Эта «крестьянская вера», вера бедняков и вечно обездоленных, была близка большинству мужиков, и гонимые беспоповцы, которых начальство и попы считали врагами церкви и полицейского правопорядка, вызывали сочувствие к себе и почтительное удивление перед их стойкостью. И все в деревне преклонялись перед стариком Микитушкой, который пострадал за мужицкую правду, и вспоминали о нём как о подвижнике, а себя упрекали за слабость и за отступничество от своего вожака в последний час.

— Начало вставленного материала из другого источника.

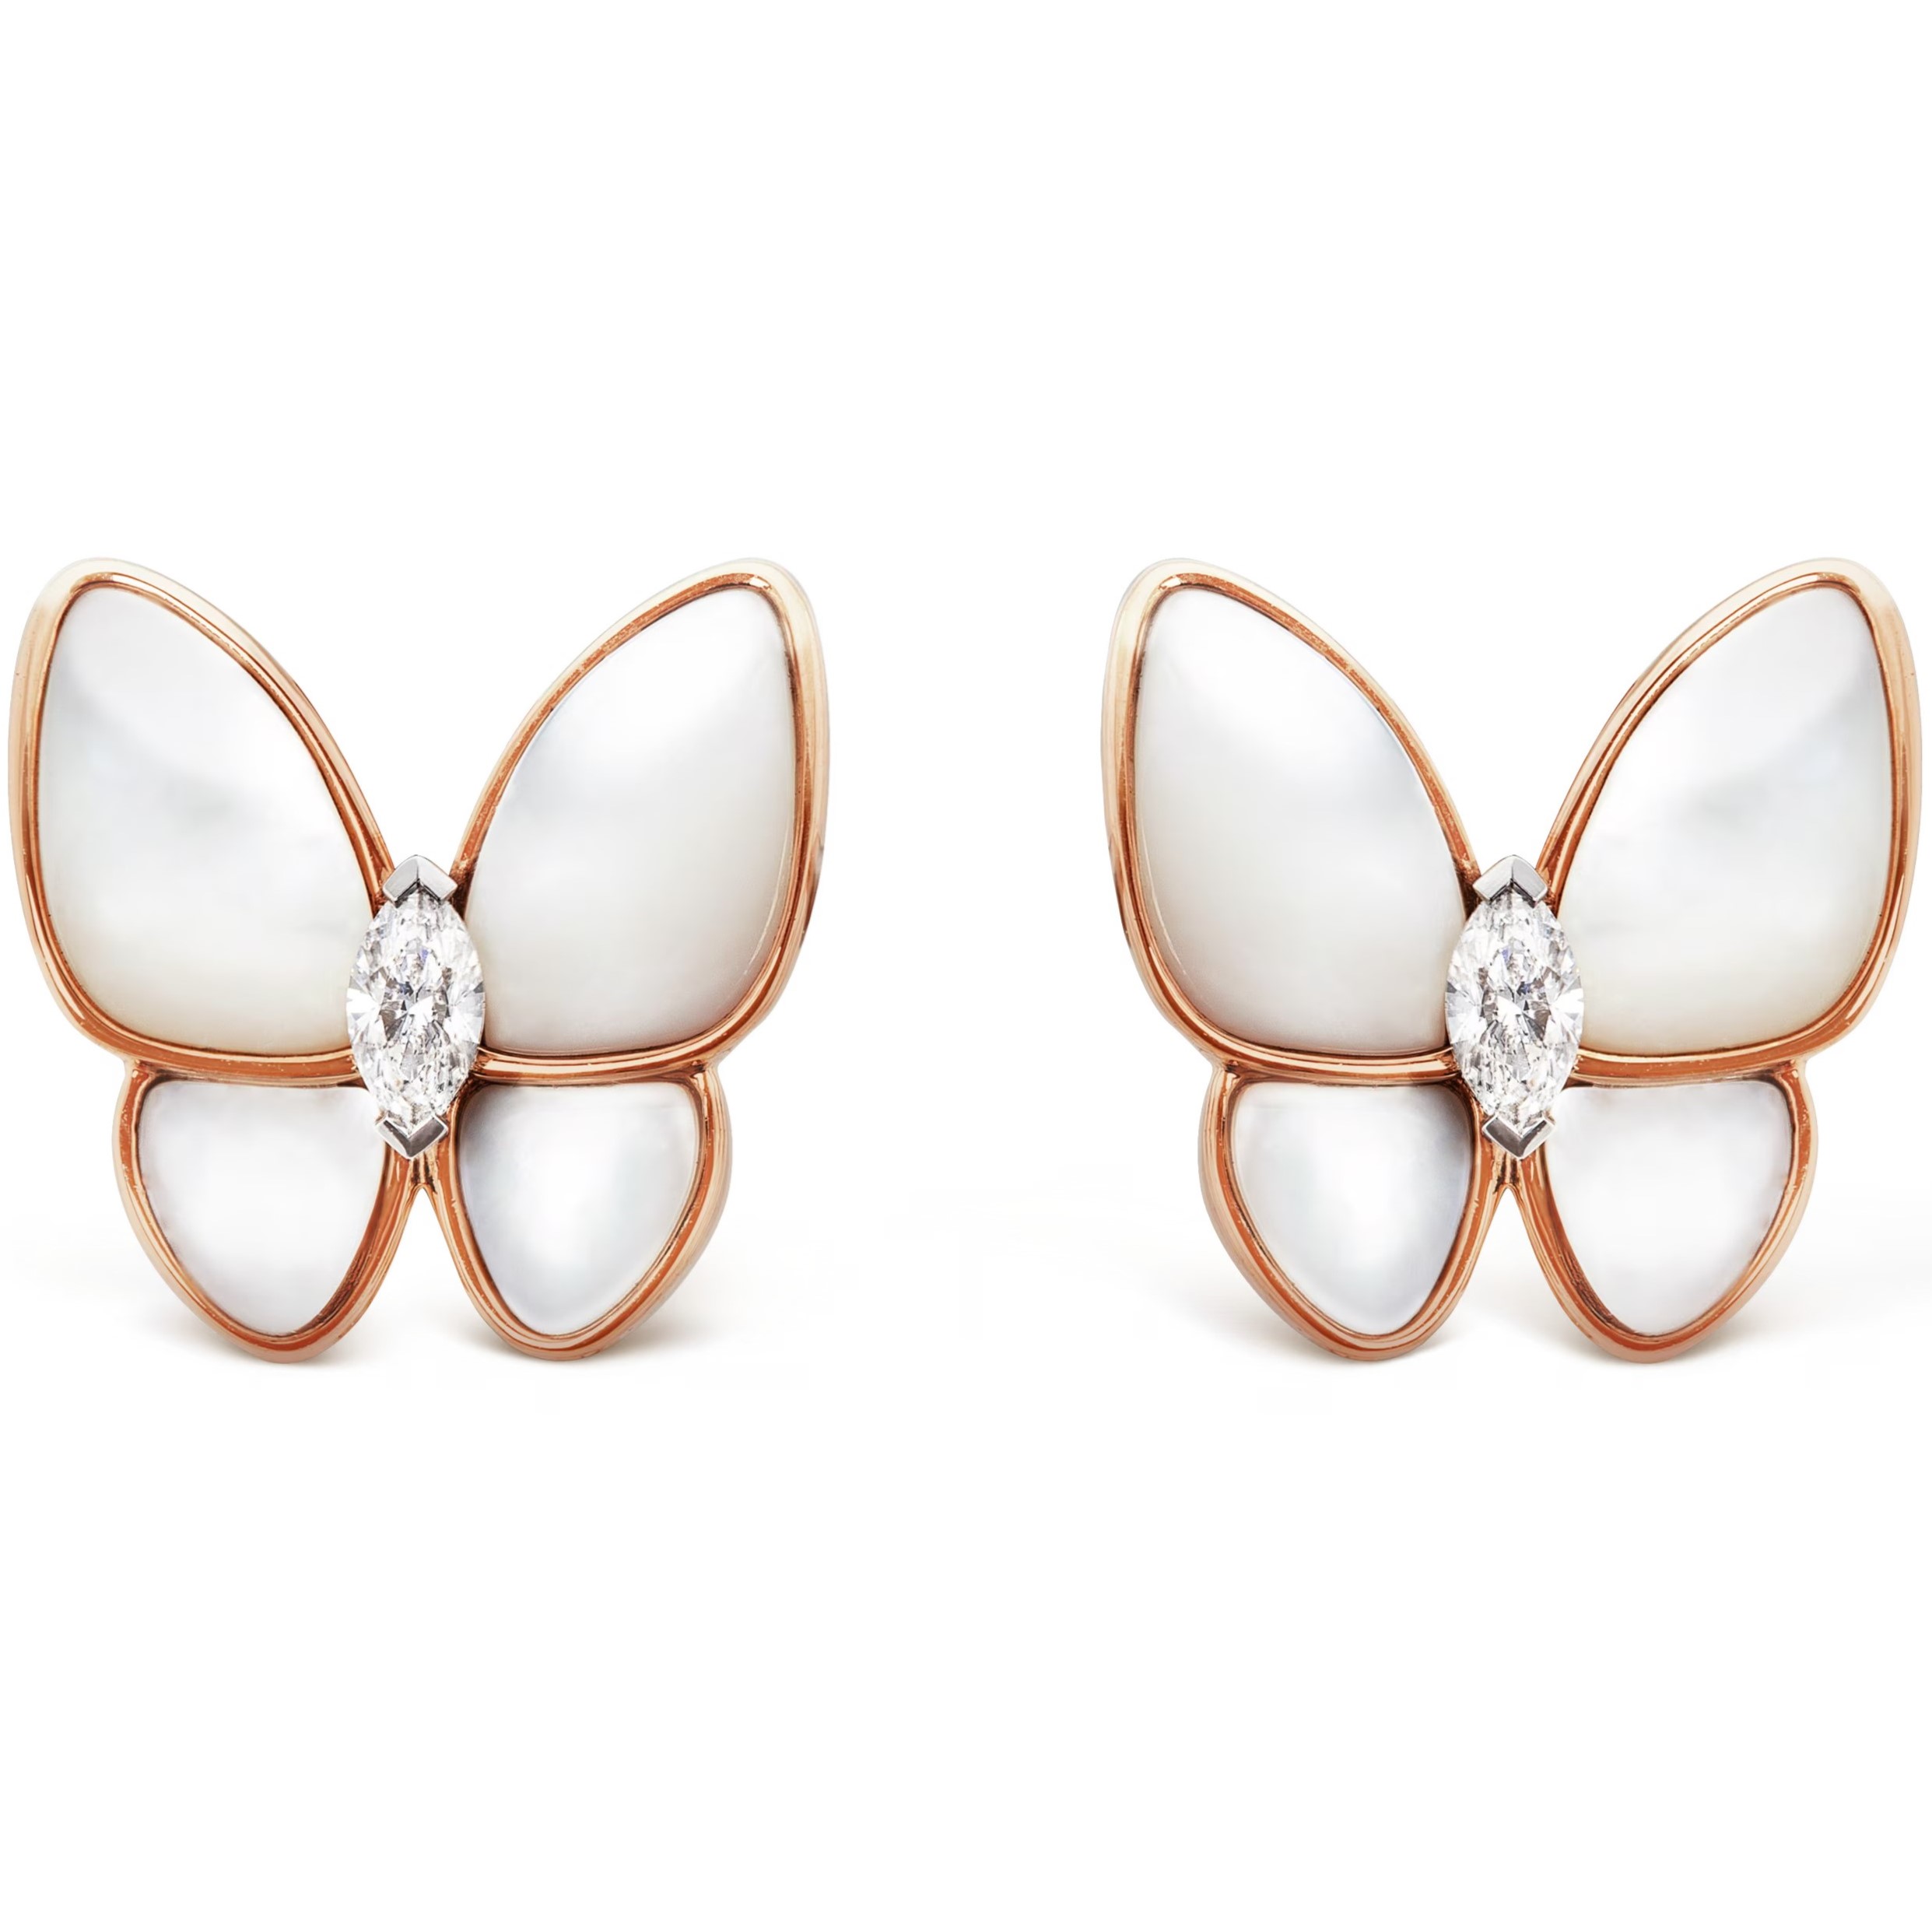 HOA TAI VAN CLEEF & ARPELS TWO BUTTERFLY EARRINGS ROSE GOLD WHITE MOTHER OF PEARL ROUND DIAMOND RHODIUM PLATED VCARO8FN00 2

Но в этом году деревня стала как будто другой. Мужики уже не разбегались от начальства, а враждебно молчали. Они никого не выдали из вожаков, и когда Тихона, Олёху и Исая урядники хотели распластать на земле для порки, а те не дались и стали драться, вся толпа словно с цепи сорвалась — смяла и урядников и станового. И не мужики бежали, а полиция уже удирала от них, спасая свою шкуру. Озлобила и сплотила мужиков и голодуха и холод, растревожили их и «подмётные листки», которыми зачитывались все, кто даже разбирал печатные строки по складам. Возможно, что люди много передумали за этот год после неудачи с самовольной запашкой барской земли и ареста Микитушки и Петруши. Ведь даже в тот страшный день, когда ночью схватили и Тихона, и Исая с Гордеем, и Олёху с Костей и, избитых до полусмерти, связанных, отправили в стан, а с десяток мужиков пороли на луке, у пожарной, — никто не каялся, не оговаривал соседей, а только выл и стонал под розгами.

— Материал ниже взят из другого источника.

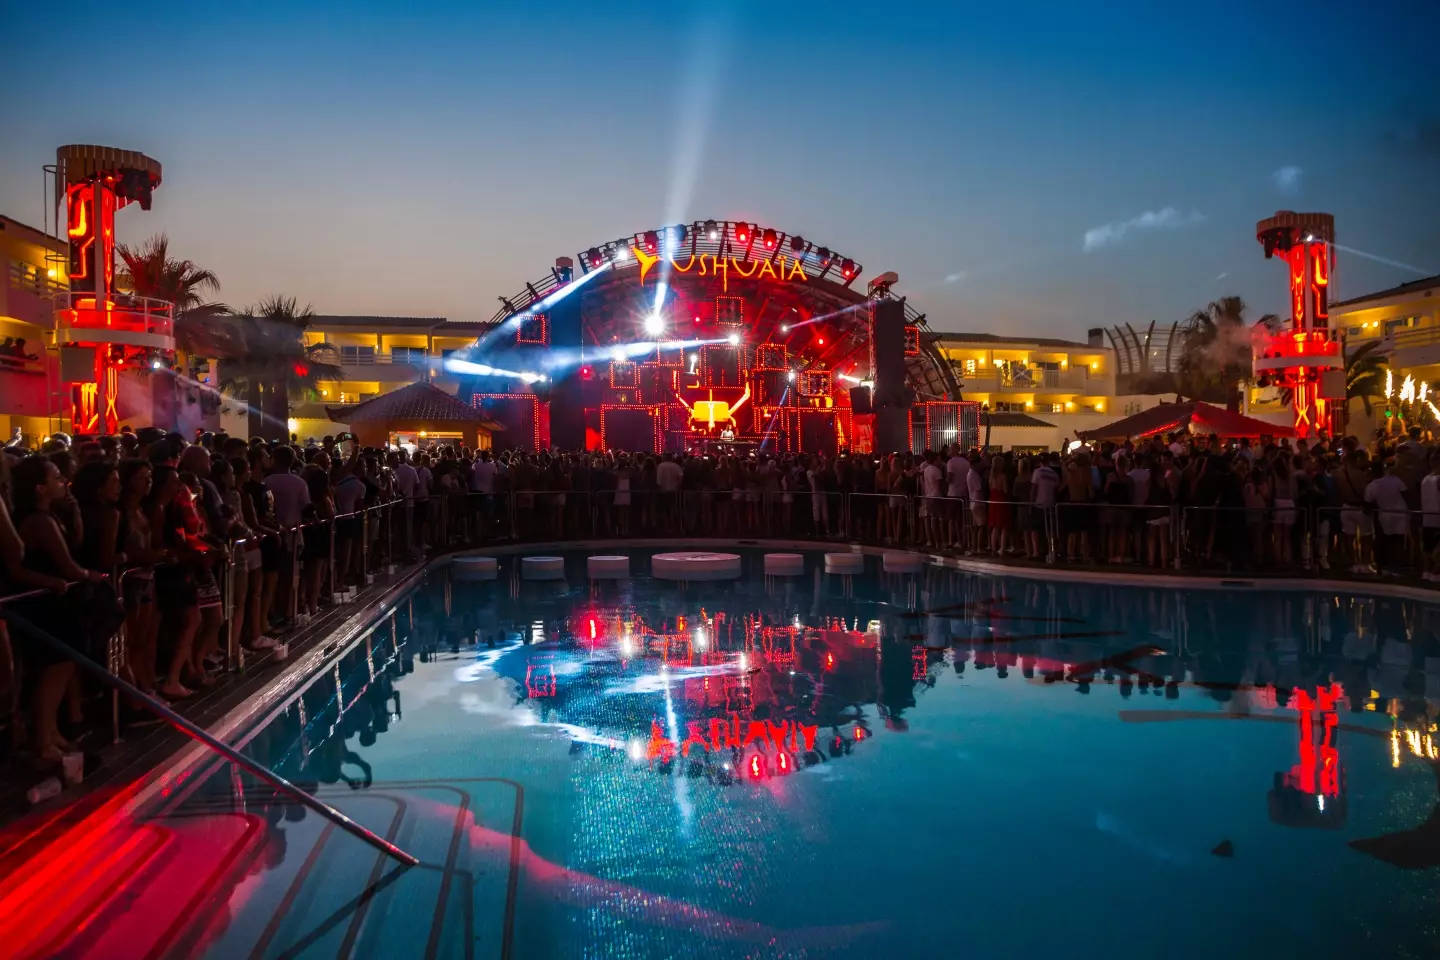 Ushuaïa in ibiza made it into the list, but wasn't the winner.

Вот с какими душевными потрясениями и пережитыми ужасами начал я свою жизнь в школе.
В первое утро прибежали в училище охотники — набралось их не больше десятка. Это были подростки старше меня. Среди них были и Миколька с Сёмой, который очень похудел после горячки. Пришёл и Шустёнок, надутый, чванный, с колючей улыбочкой в прищуренных глазках.
Елена Григорьевна явилась в школу в том же платье и кофте, но в белом полушалке, повязанном по–деревенски.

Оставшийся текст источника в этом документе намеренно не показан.